It’s incredible to believe that this past week, the U.S. marked the 60th anniversary of the assassination of President John Fitzgerald Kennedy. It was November 22, 1963, when Lee Harvey Oswald shot the President from a sixth story window of a book repository in Dallas, Texas as he rode in his motorcade.
The youngest boomers — those born in the last four years of the Baby Boom — were either too young or not yet born in 1963, so their recollection of the day is by historical records rather than personal observation. Those boomers born in the first half of the Baby Boom in the mid-40s and 1950s, however, recall vividly where they were and what they were doing when they heard the news that the President was dead.
Mister Boomer was in elementary school. The first inkling that something big was happening came when he heard what can only be described as wailing and sobbing in the halls of the school. It was the teachers who got the news and were the first to react. Mister Boomer had only heard such an outpouring of sorrow once before, at the death and funeral of his grandfather three years earlier.

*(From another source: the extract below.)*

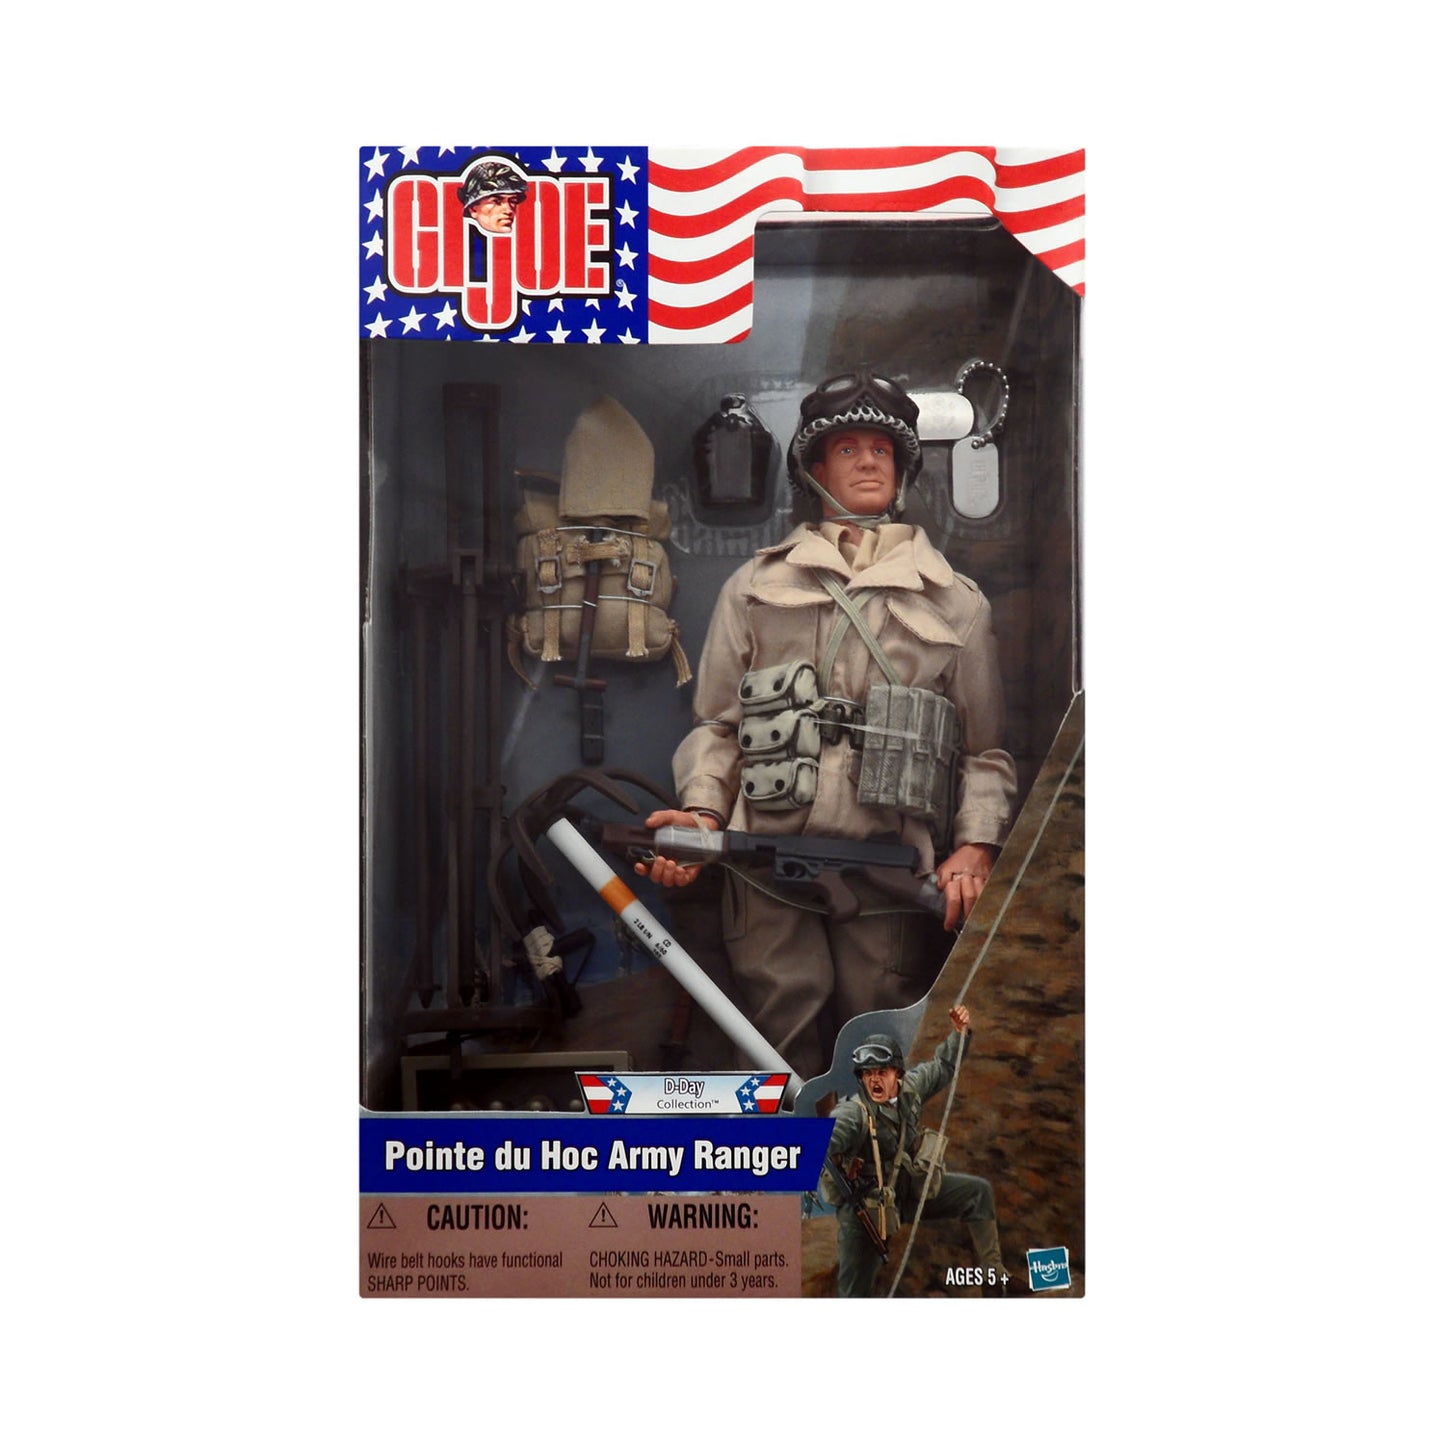 G.I. Joe Pointe du Hoc Army Ranger 12-Inch Action Figure

Very shortly after Walter Cronkite made his historic announcement on TV that the President had been killed, the school principal got on the PA system to inform the students. Quickly, Mister Boomer’s class was ushered into another classroom in an upper grade, where the students were instructed to sit on the floor while a black-and-white TV on a cart was rolled in. There, the combined classes of kids watched coverage of the assassination on television. A short time later, the students were sent home.
It is sometimes easy to forget that John Kennedy had only taken the oath of office in January of 1961. When he was killed, JFK was looking forward to campaigning for his re-election to a second term. In three short years, his presidency was marked by stunning victories and disappointing failures. Here are some facts about his short time in the White House:
• He was the youngest U.S. President elected; he was 46 at time of his death
• First Roman Catholic President
• Set a goal to surpass the Soviet space program by landing a man on the moon
• Started the Peace Corps and Alliance for Progress to bring American idealism to developing nations
• A student of American history, together with his wife, Jacqueline, highlighted American arts and culture in the White House
• His children (Caroline and John) grew up playing on the White House grounds, and the President was often seen playing with them. The President even had a treehouse built for them on the grounds
• The Bay of Pigs incident in 1960 was a failed covert attempt by Cuban nationalists to overthrow Fidel Castro in Cuba
• Cuban Missile Crisis of 1962 was a successful embargo around Cuba to prevent the Soviet Union from bringing nuclear weapons into Cuba; led to a test ban treaty in 1963
• Aspired to pass civil rights legislation, which ultimately was championed by his then Vice President and ultimately, his successor, Lyndon B. Johnson. When President Johnson signed the Civil Rights Act of 1964, he said he was doing so to finish the work of JFK
• Proposed and won from Congress a tax cut in 1963 to bolster recovery from an ongoing recession
• Proposed and won legislation to study the causes and possible prevention of intellectual disabilities and treat mental illness
JFK is such an important figure in American history, made even more so by his tragic death. Boomers were there to chronicle the good and the bad.
How about you, boomers? Were you old enough to remember JFK?